Subclasses should override appropriately if needed.
-
check_call
(cmd)¶ Subclass subprocess.check_call() wrapper.
Subclasses should use this method to run command in a subprocess and check that it executed correctly, rather than using subprocess directly, to keep accurate debug logs.
-
check_output
(cmd)¶ Subclass subprocess.check_output() wrapper.
Subclasses should use this method to run command in a subprocess and check that it executed correctly, rather than using subprocess directly, to keep accurate debug logs.
-
classmethod
create
(cfg, args)¶ Create an instance from command-line arguments.
cfg
: RunnerConfig instance (pass to superclass __init__)args
: runner-specific argument namespace parsed from execution environment, as specified byadd_parser()
.
-
classmethod
do_add_parser
(parser)¶ Hook for adding runner-specific options.
-
do_run
(command, **kwargs)¶ Concrete runner; run() delegates to this.
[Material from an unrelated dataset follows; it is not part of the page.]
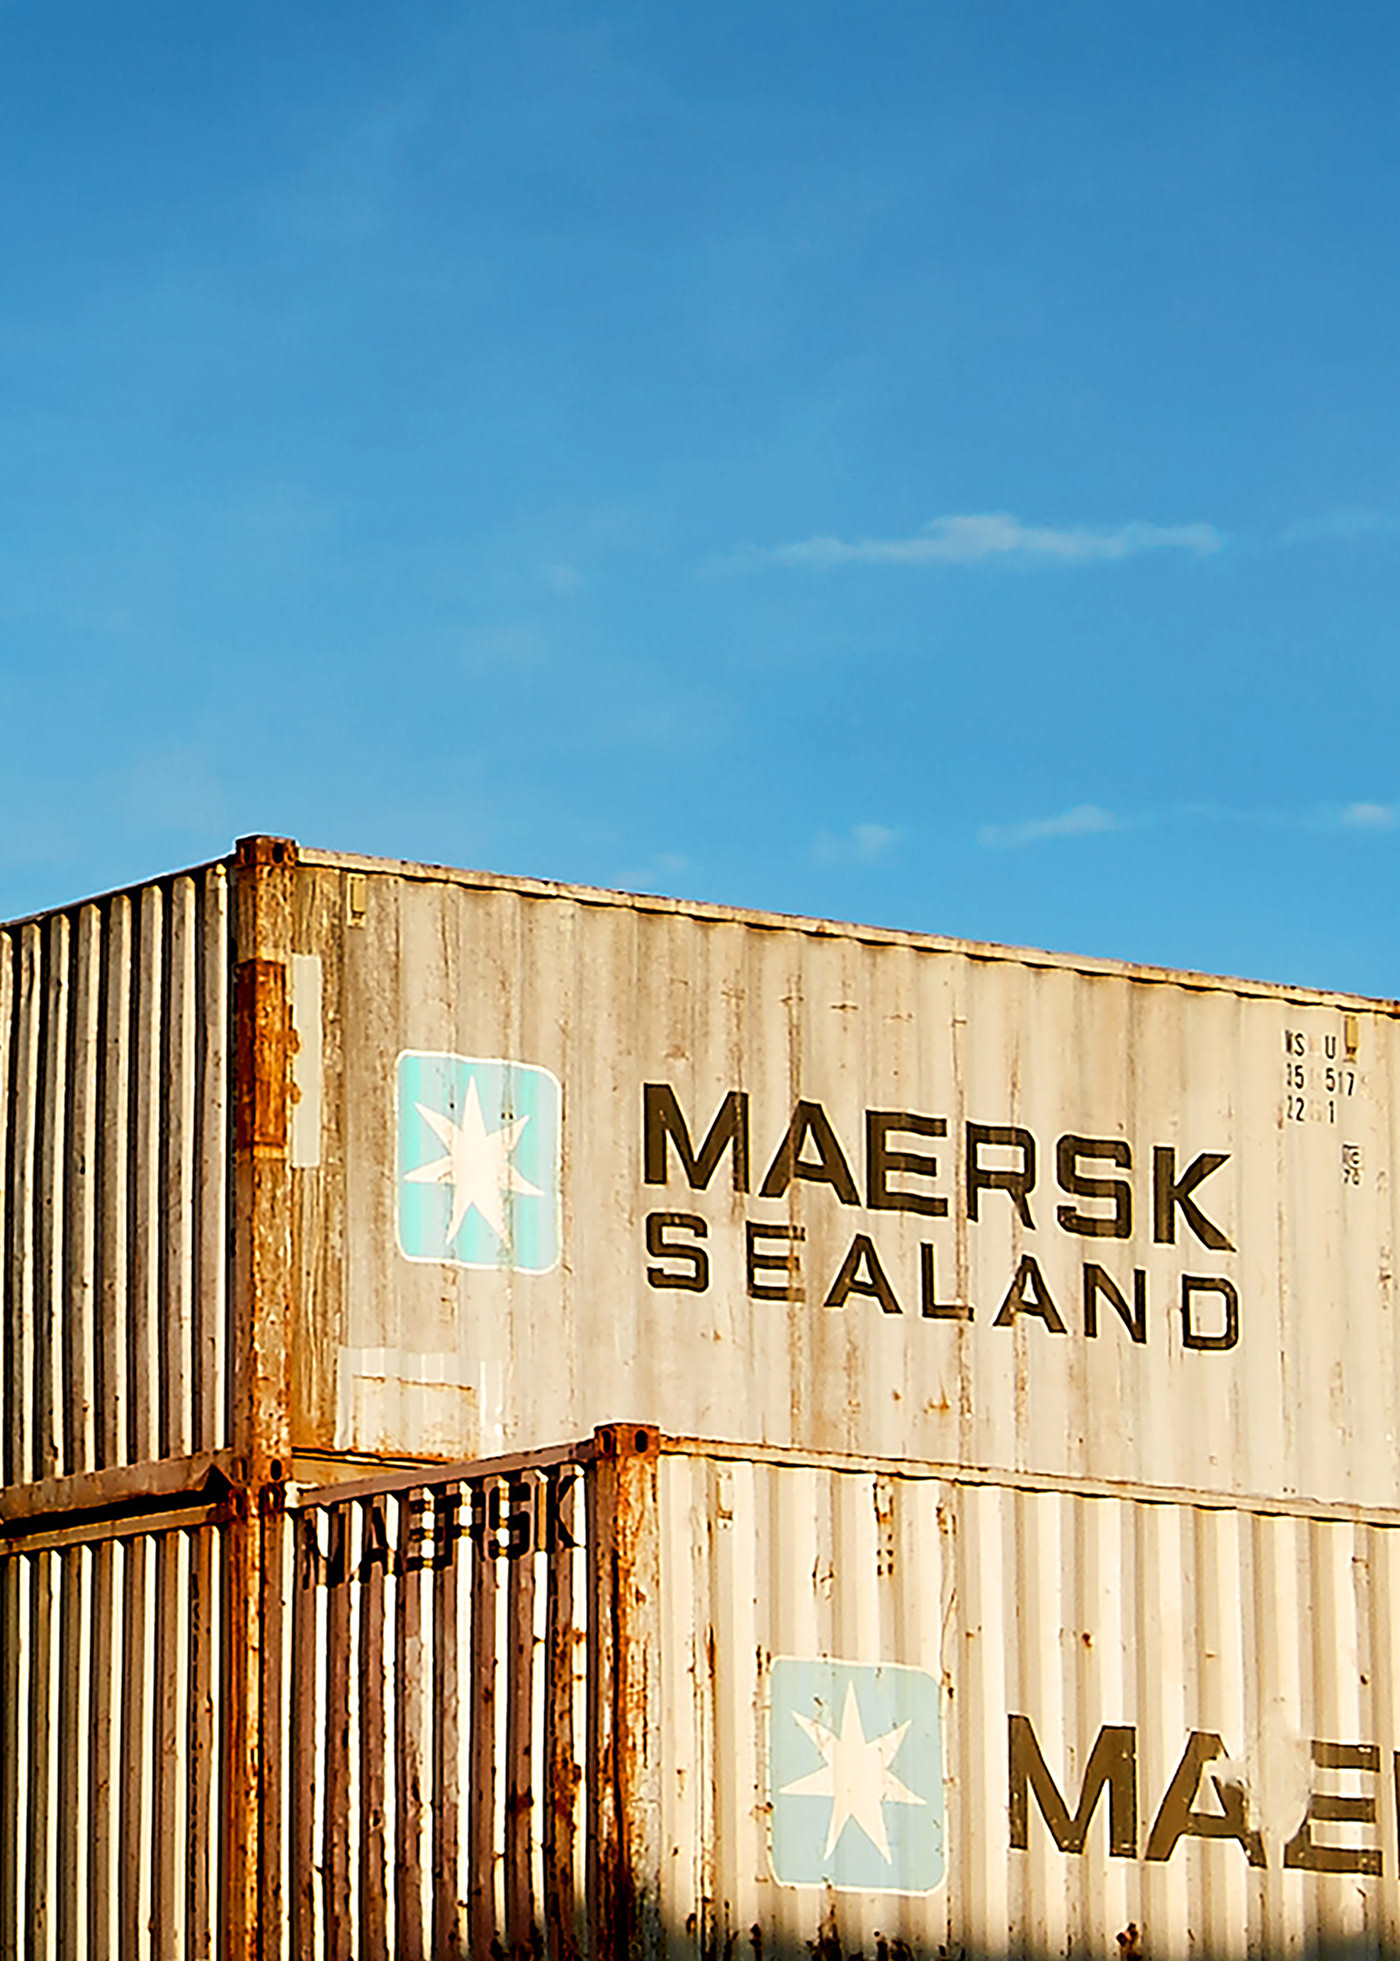 sea land containers Conteneurs mer terre colorfull Mearsk fine art Photography

Implement in subclasses.
In case of an unsupported command, raise a ValueError.
-
classmethod
get_flash_address
(args, build_conf, default=0)¶ Helper method for extracting a flash address.
If args.dt_flash is true, get the address from the BoardConfiguration, build_conf. (If CONFIG_HAS_FLASH_LOAD_OFFSET is n in that configuration, it returns CONFIG_FLASH_BASE_ADDRESS. Otherwise, it returns CONFIG_FLASH_BASE_ADDRESS + CONFIG_FLASH_LOAD_OFFSET.)
Otherwise (when args.dt_flash is False), the default value is returned.
-
static
get_runners
()¶ Get a list of all currently defined runner classes.
-
classmethod
name
()¶ Return this runner’s user-visible name.
When choosing a name, pick something short and lowercase, based on the name of the tool (like openocd, jlink, etc.) or the target architecture/board (like xtensa, em-starterkit, etc.).
-
popen_ignore_int
(cmd)¶ Spawn a child command, ensuring it ignores SIGINT.
The returned subprocess.Popen object must be manually terminated.
-
run
(command, **kwargs)¶ Runs command (‘flash’, ‘debug’, ‘debugserver’, ‘attach’).
This is the main entry point to this runner.
-
run_server_and_client
(server, client)¶ Run a server that ignores SIGINT, and a client that handles it.
This routine portably:
- creates a Popen object for the
server
command which ignores SIGINT - runs
client
in a subprocess while temporarily ignoring SIGINT - cleans up the server after the client exits.
It’s useful to e.g. open a GDB server and client.